Every day means more movement and that’s good. She’s able to sip more liquids at a time, but isn’t getting all 60 ounces per day that they recommend. She says it doesn’t appear that she is dehydrated from the color of the urine, but I’d like her to get more in. We were able to change-up the liquid intake to add some chicken broth and some cream of mushroom soup – strained so there are no mushroom pieces – and some thinned pudding. She is starting to get a bit frustrated by the diet, though she understands the process and the need for the progression. She just wants to be a the stage where she can have something more “substantial”. She has said that she just wants to chew something. Her mother said she should take a bite of chicken, chew and then spit it out, but that’s a whole other eating disorder! 🙂

For the two weeks prior to the surgery I followed along with her on the 40g a day carb diet and lost 8 lbs myself. Since the surgery I haven’t been eating normally. I can’t seem to pinpoint the exact cause. I do not want to eat in front of her at this point. She tells me its ok but I just don’t want to be THAT person and eat the things she can’t. I know I need to eat but it seems like my mind isn’t quite following along. When I had to go out for appointments of my own and/or shopping expeditions, I found myself hitting the drive thru’s of McDonalds and Wendy’s. Hostess should never have come back, ’nuff said. Since the Sunday prior to the surgery I’ve had daily bouts of IBS and while it’s partly due to the diet, I am sure it is also due to my nerves about Valerie, the surgery and the aftermath. I have always had my nerves manifest themselves in different ways. Even when I have eaten relatively healthy items, the effects have been the same. I guess it’s something I just need to work through. A friend, and neighbor, who has been through this surgery told me that I will lose weight too — which I’m ok with — but I don’t think it’s meant to happen this way.
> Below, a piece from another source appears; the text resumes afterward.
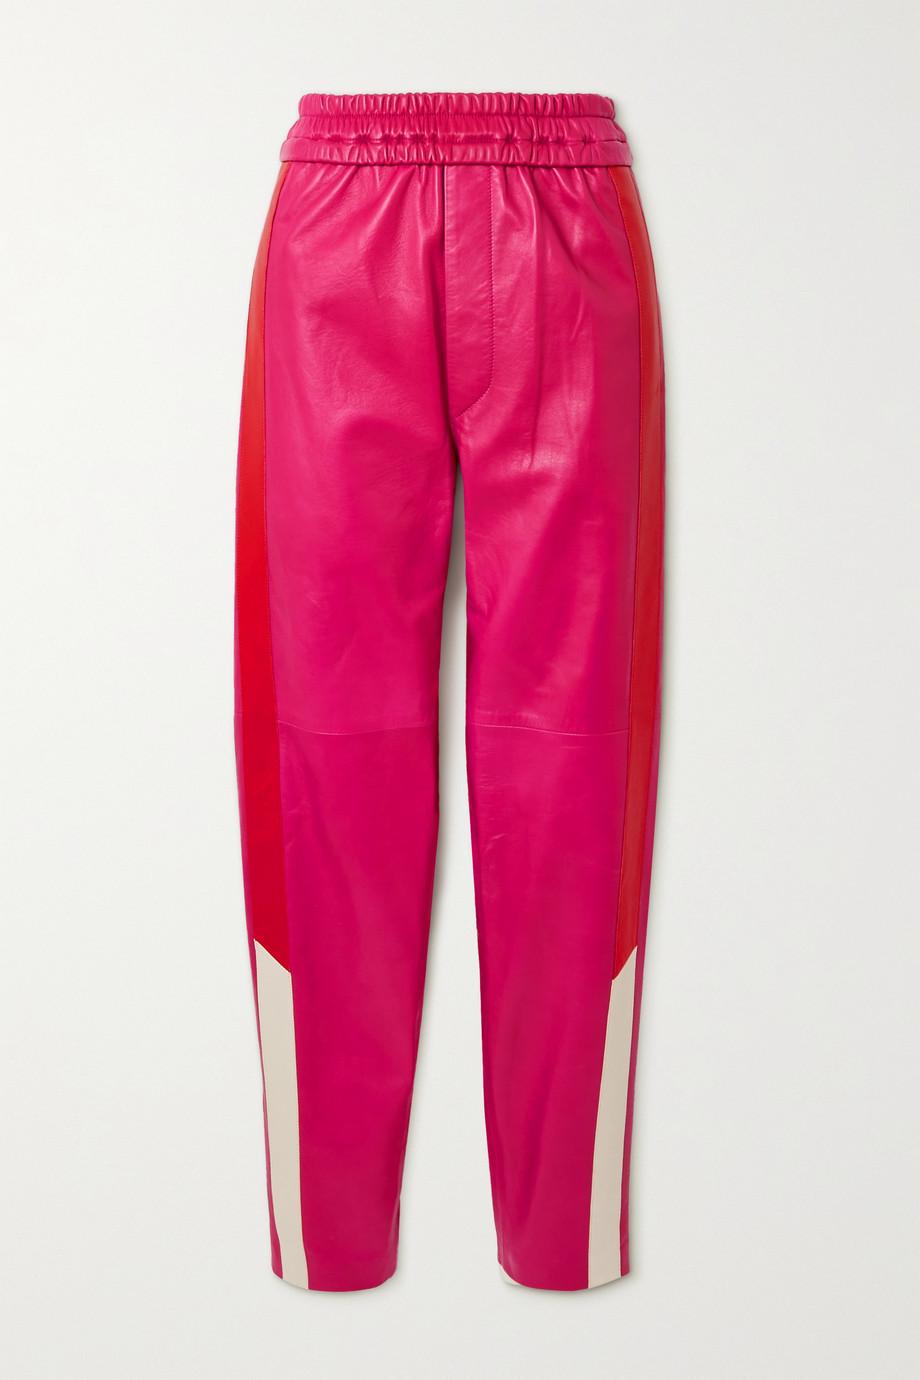 Isabel Marant Ailenoba striped leather track pants

Today marks the first day she is on her own. I have to return to work. I left her with some of the things she can eat and drink, but beyond that I won’t be there to take care of her. She has done very well and honestly I haven’t done too much except be there for her. Valerie is very independent and while I am glad, I get frustrated with her when she tries to do too much. I know she’ll be fine, but I worry just the same.

Tomorrow we go see Dr. Landerholm for a follow-up. As of yesterday,. Valerie has lost 13 pounds. Despite the fact that a liquid diet will cause that effect, she is thrilled. We both are.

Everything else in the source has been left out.